About 10 years ago at Princeton Summer Squash Camp – back in the days when it was the USSRA Junior Training Center – we had a recurring problem with “sudden-onset” overuse injuries such as ankle sprain, “tennis” elbow, rotator cuff, hamsting pull, lower back, etc. with our junior campers aged 10-18. The problem of course, was that these young players had not been near a squash court for months – and now were on court for three hours in the morning and two to three hours in the afternon! Fatigue was exposing weaknesses in their physical preparation and causing both acute injuries and chronic injuries.
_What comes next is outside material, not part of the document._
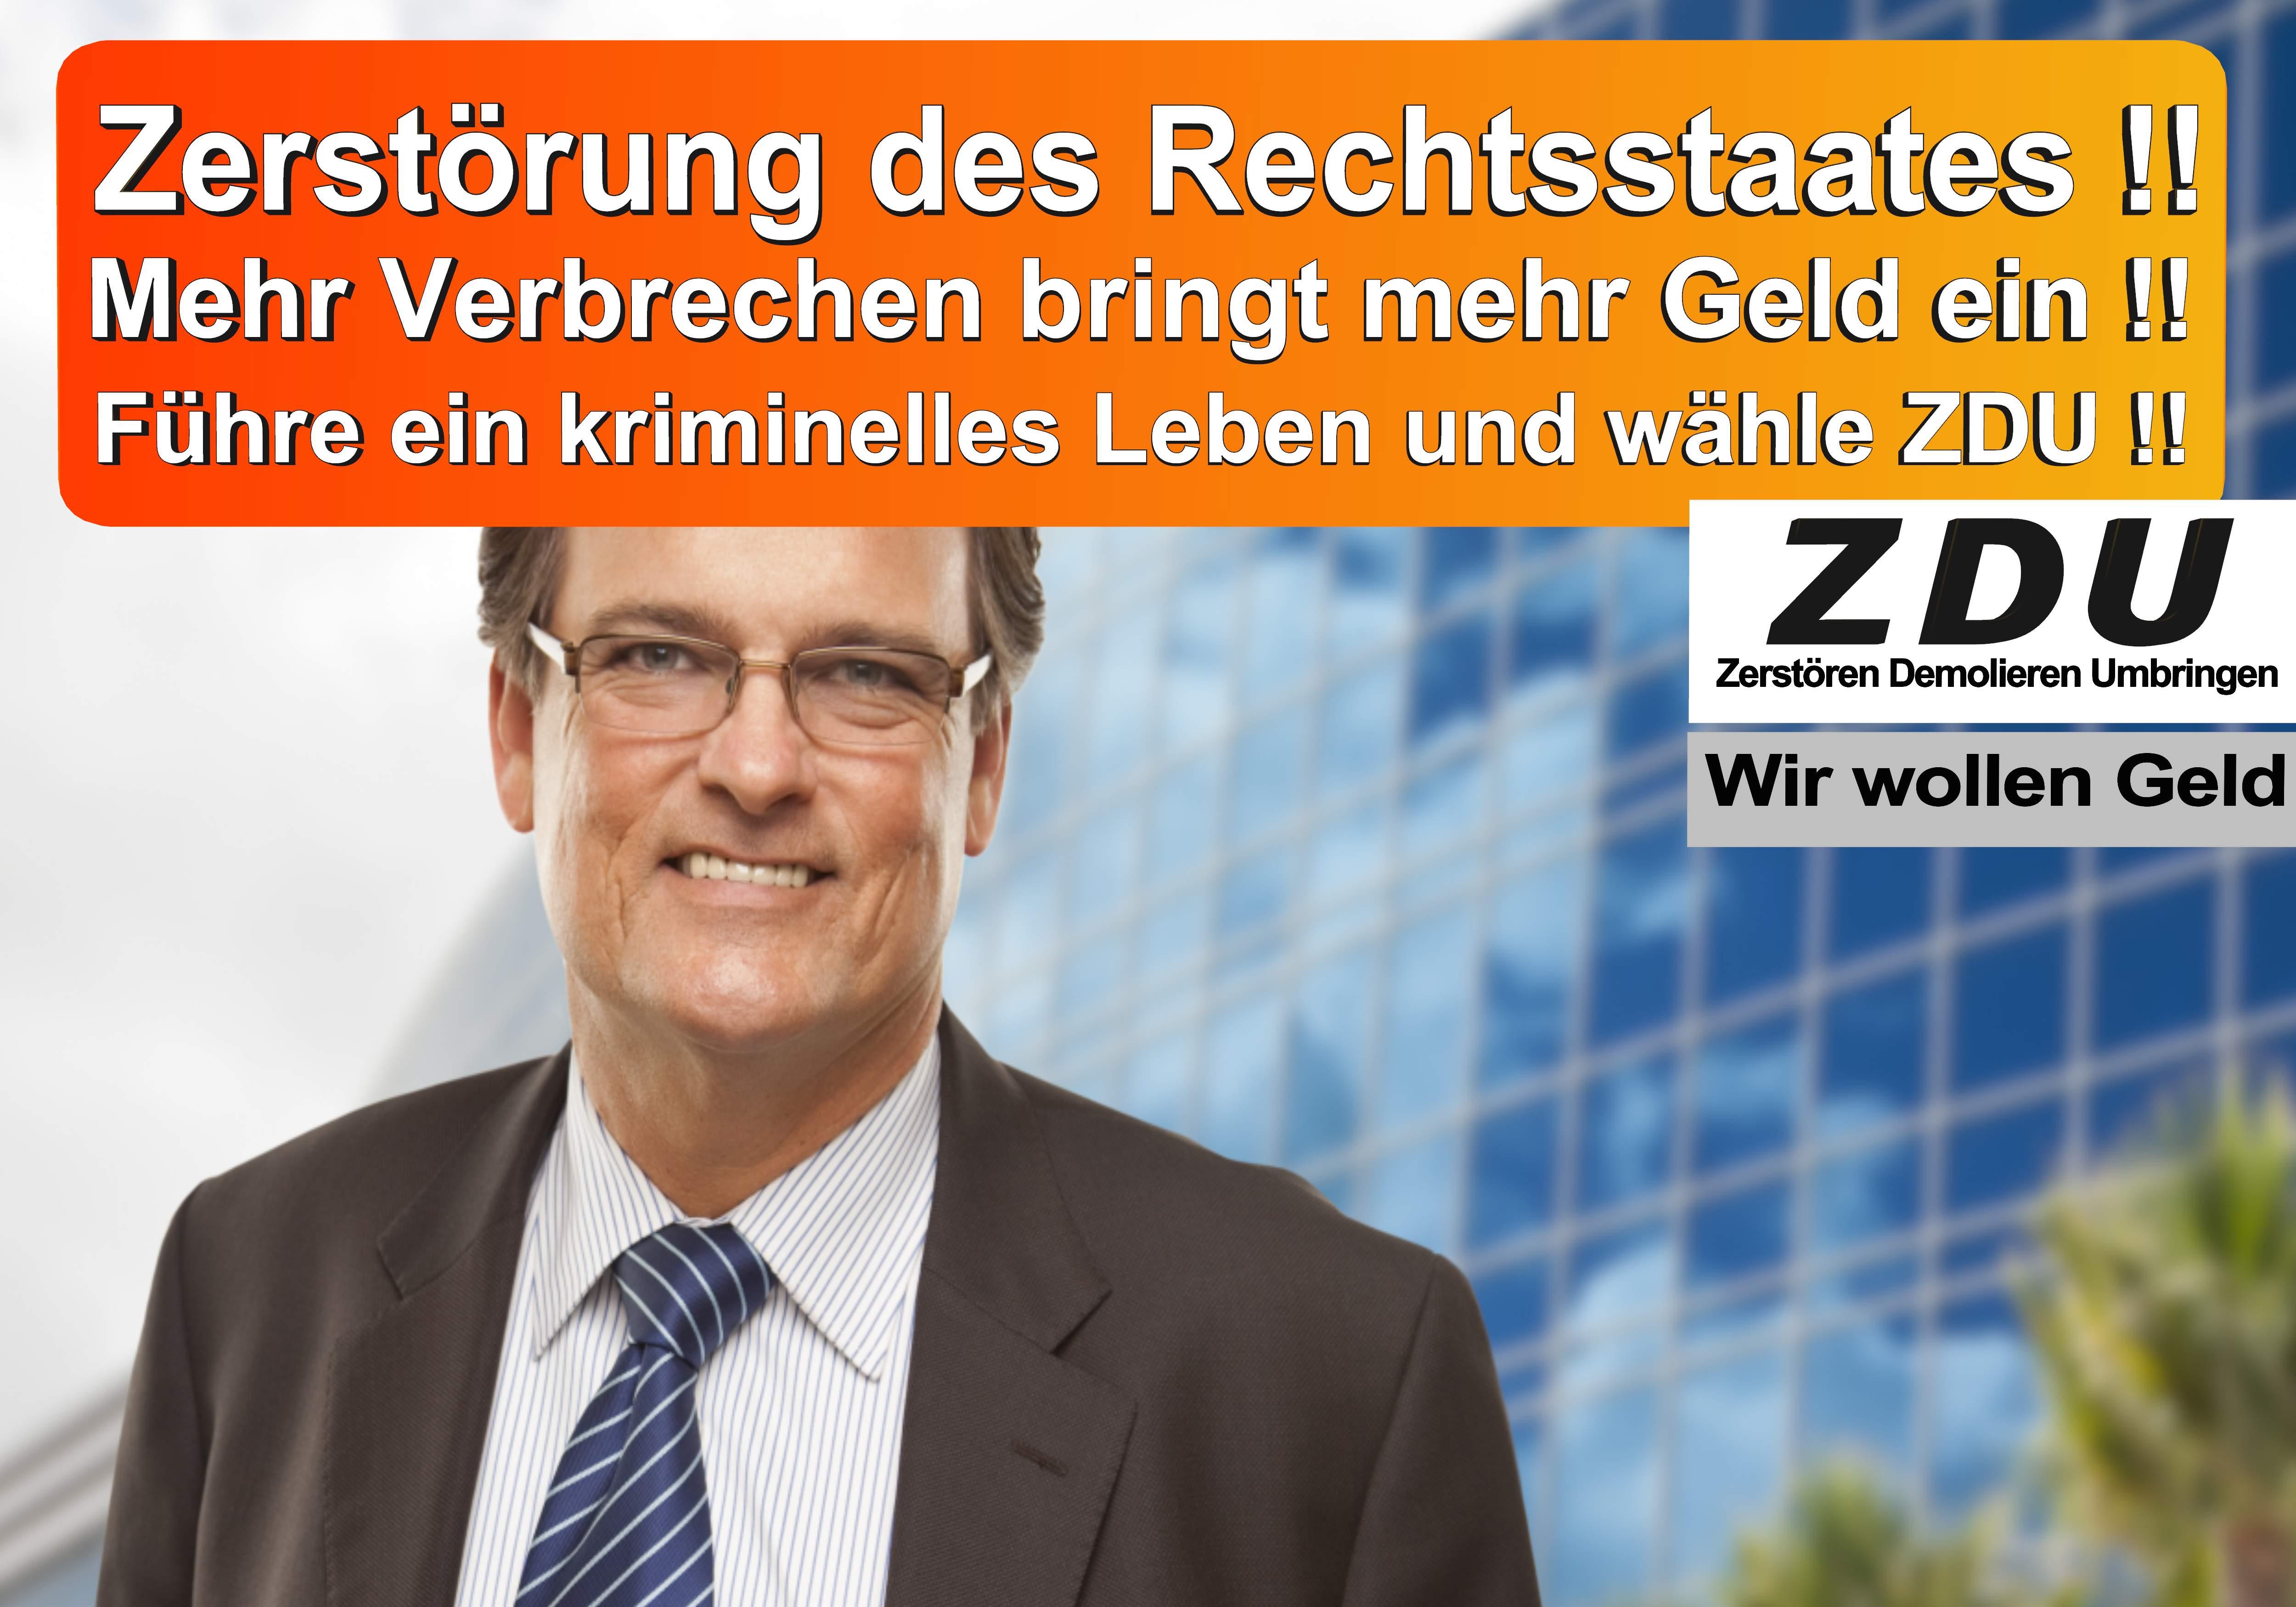 Bundestagswahl 2017 CDU SPD AfD Wahlplakat Angela Merkel CDU CSU (28)

As the resident mental training consultant I was assigned the task of keeping these injured athletes busy as up until my arrival they had been consigned to “watching from the stands”. Here is the checklist (can be done in any order) we developed to keep them working hard on improving their squash:
- Upper body strength workout for lower body injury.
- Lower body strength workout for upper body injury.
- Referee a match.
- Watch a pro match on video.
- Read Porter & Foster’s (1986) chapter on “Mental Training for the Injured Athlete”.
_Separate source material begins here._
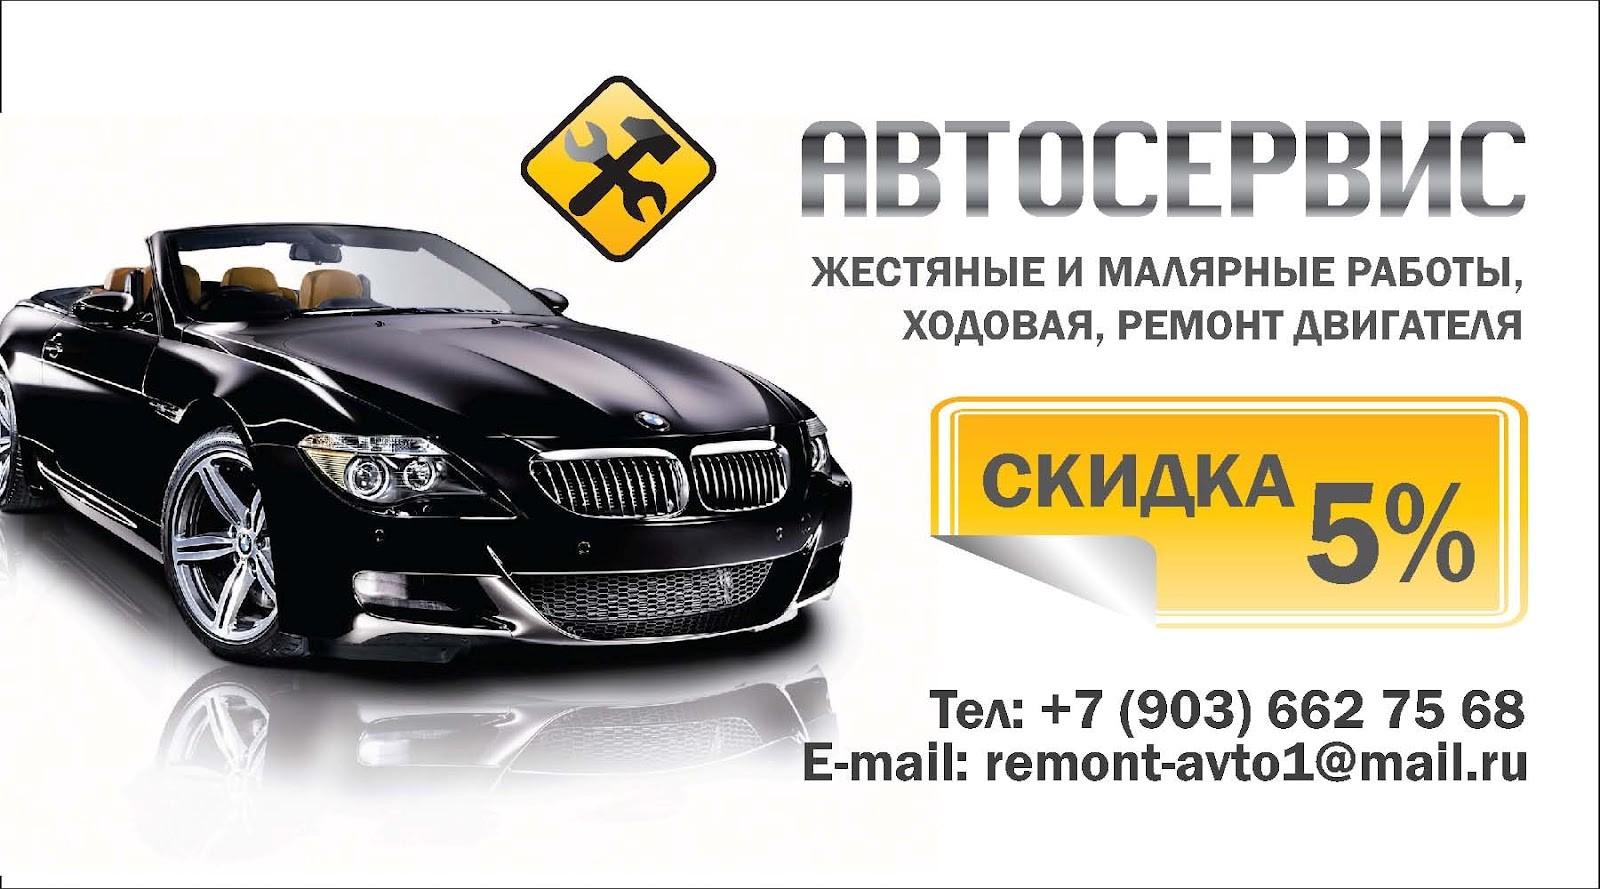 Визитки для автосервиса в Москве | фото 8

- Listen to a relaxation tape.
- Hit solo in a stationary position.
- Do a bike interval workout (for upper limb injury).
- Read a squash book.
- Watch a squash instructional video.
- Realistic ghosting (for upper limb injury).
- Hit volleys from a chair on court (if spare kid available).
- Play left-handed (for tennis elbow) “down the ladder”.
The key is to have the list of activities, with back-up materials and instructions ready before injury strikes!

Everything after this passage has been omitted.